Glutamate excitotoxicity is a key process that instigates cell death in CNS disorders. This occurs when there’s an overstimulation of glutamate receptors, especially NMDA receptors, leading to an increased influx of calcium ions (Ca 2+). This increase is due to the non-specific ion channel that opens when glutamate binds. As the Ca 2+ builds up in the neuron, it surpasses the buffering capacity of mitochondrial Ca 2+ sequestration, causing significant effects on the neuron. Since Ca 2+ acts as a secondary messenger and controls many downstream processes, its accumulation disrupts these processes, ultimately resulting in cell death.

Antioxidants’ Role In Neuroprotection

Antioxidants are vital for neuroprotection as they fight oxidative stress, a key contributor to neuronal damage. Here’s how they function:

  • Fighting Oxidative Stress: The brain is susceptible to oxidative damage due to its high energy needs and limited antioxidant capacity. Antioxidants in the brain regulate the excess and abnormal levels of reactive oxygen species (ROS) and metal overload through cellular defense mechanisms and intracellular signaling.

  • Addressing Excitotoxicity: Antioxidants often aim at excitotoxicity, a process closely linked with CNS disorders. Overstimulation of glutamate receptors leads to an increase in calcium ion (Ca 2+) influx. As Ca 2+ accumulates in the neuron, it disrupts the regulation of downstream processes, eventually causing cell death. Antioxidants help manage this excitotoxicity.

  • Acting as Therapeutic Agents: Numerous phytochemical complexes with antioxidant properties have been identified as potential therapeutic agents for preventing or treating neurodegeneration. These antioxidants can be evaluated in vivo and in vitro through assays to determine their physical and biological properties.

  • Employing Enzymatic and Non-Enzymatic Mechanisms: Neuronal cells have several factors that reduce oxidative damage and a complex antioxidant system comprising various antioxidant enzymes and non-enzymes.

neuroprotection study


Typical neuroprotection treatments include glutamate antagonists and antioxidants, which are designed to reduce excitotoxicity and oxidative stress, respectively. Glutamate antagonists are often used as the main treatment to manage excitotoxicity in CNS disorders. These antagonists work by preventing glutamate from binding to NMDA receptors, thereby avoiding the buildup of Ca 2+ and subsequent excitotoxicity.
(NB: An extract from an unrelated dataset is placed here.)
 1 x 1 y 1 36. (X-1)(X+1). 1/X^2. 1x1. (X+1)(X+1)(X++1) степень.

Examples Of Neuroprotection Treatments

There are various neuroprotection treatments available, each addressing different aspects of neurodegeneration:

  1. Antioxidant Therapy: This method seeks to mitigate oxidative stress, a significant contributor to neurodegeneration.2

  2. Gene Therapy: This technique uses genes to treat or prevent diseases.

  3. AC-11: Present in several nootropic formulations, AC-11 may assist with enzymatic repairs and offer protection against DNA damage.3

  4. Acetyl-L-carnitine: This naturally occurring compound has demonstrated neuroprotective effects in animal models post-stroke.
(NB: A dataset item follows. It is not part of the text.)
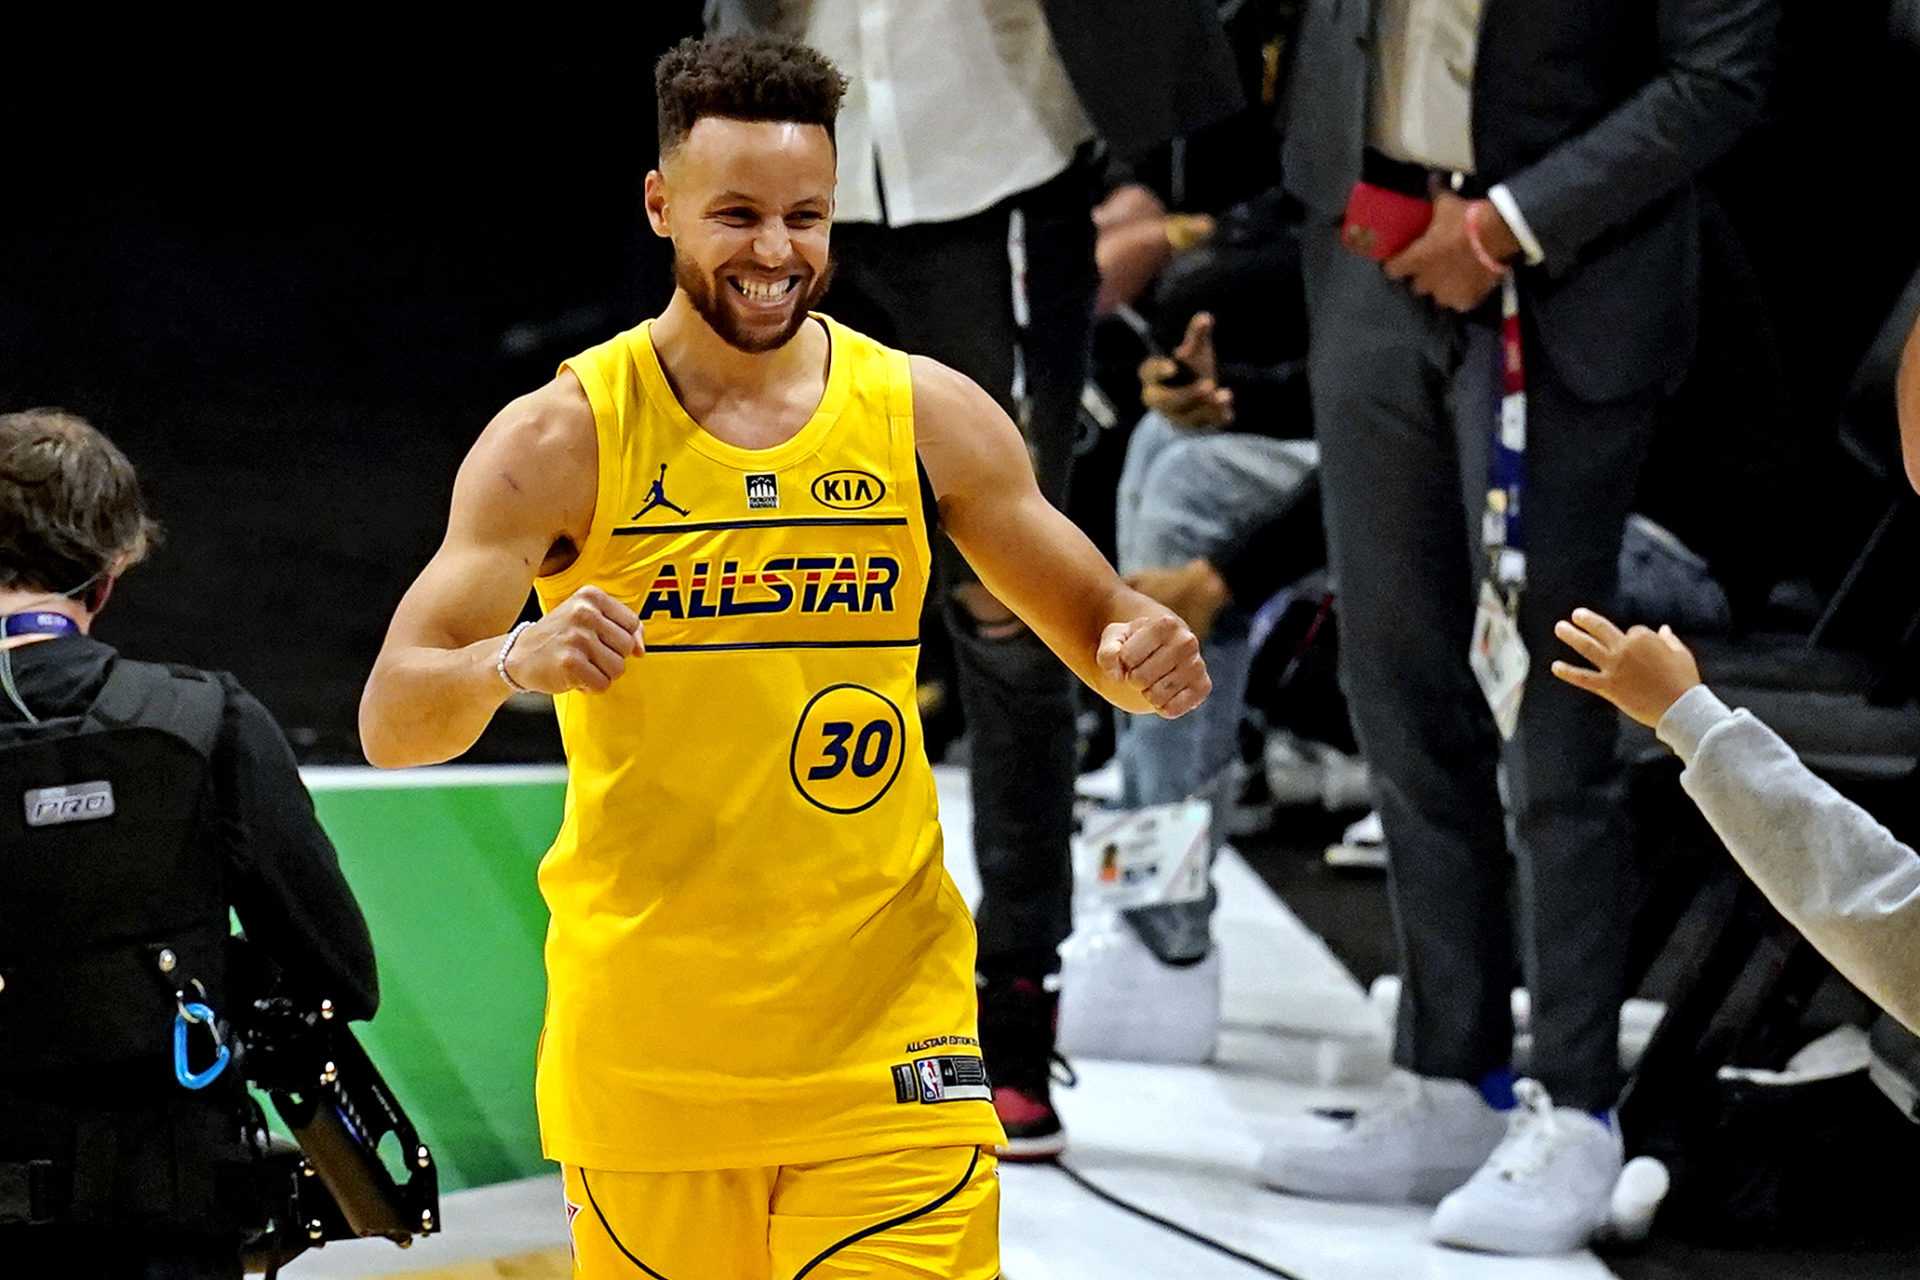 `` Jouer à un niveau vraiment élevé '': l'entraîneur-chef des Warriors soutient Stephen Curry pour ne pas vouloir prouver quoi que ce soit à qui que ce soit

  5. Acetylcholinesterase inhibitors: These medications block the neurotransmitter acetylcholinesterase, enhancing brain function and reducing neurodegeneration linked to Alzheimer’s disease.

  6. Acetylcysteine: This supplement and pharmaceutical medication is primarily used to reduce mucus accumulation but is occasionally used for acetaminophen overdose.

  7. Lithium: Different compounds of lithium are used to manage psychiatric conditions like bipolar disorder.

Other Neuroprotection Treatments

In addition to glutamate antagonists and antioxidants, several other neuroprotection strategies are being investigated:

  • Caspase Inhibitors: These are mainly used for their ability to prevent apoptosis.

  • Trophic Factors: The potential of trophic factors in providing neuroprotection in CNS disorders, particularly in ALS, is being studied.

  • Therapeutic Hypothermia: This method is being examined as a potential neuroprotective treatment for patients with traumatic brain injury, with the aim of reducing intracranial pressure.

  • GDNF Infusion into the Brain: The infusion of GDNF (Glial cell line-derived neurotrophic factor) into the brain is being trialed as a possible neuroprotective treatment.

  • GDNF Gene Therapy Procedures: Procedures involving GDNF gene therapy are also under investigation, similar to GDNF infusion.4

  • Inhibition of Inflammation in the Brain: This approach seeks to decrease inflammation in the brain, which can lead to neuronal damage.

  • Improvement of Mitochondrial Function: Enhancing the function of mitochondria, essential for cellular energy production, is another strategy under examination.

  • Manipulation of Lipid Metabolism: This strategy involves modifying lipid metabolism to achieve neuroprotection.

Safety Of Neuroprotection Treatments

Ensuring the safety of neuroprotective treatments is vital. These points are key:

  1. Clinical Trials: Neuroprotective treatments undergo thorough testing in clinical trials before approval. The SONIC trial, for instance, evaluated Neu2000 and thrombectomy in stroke patients.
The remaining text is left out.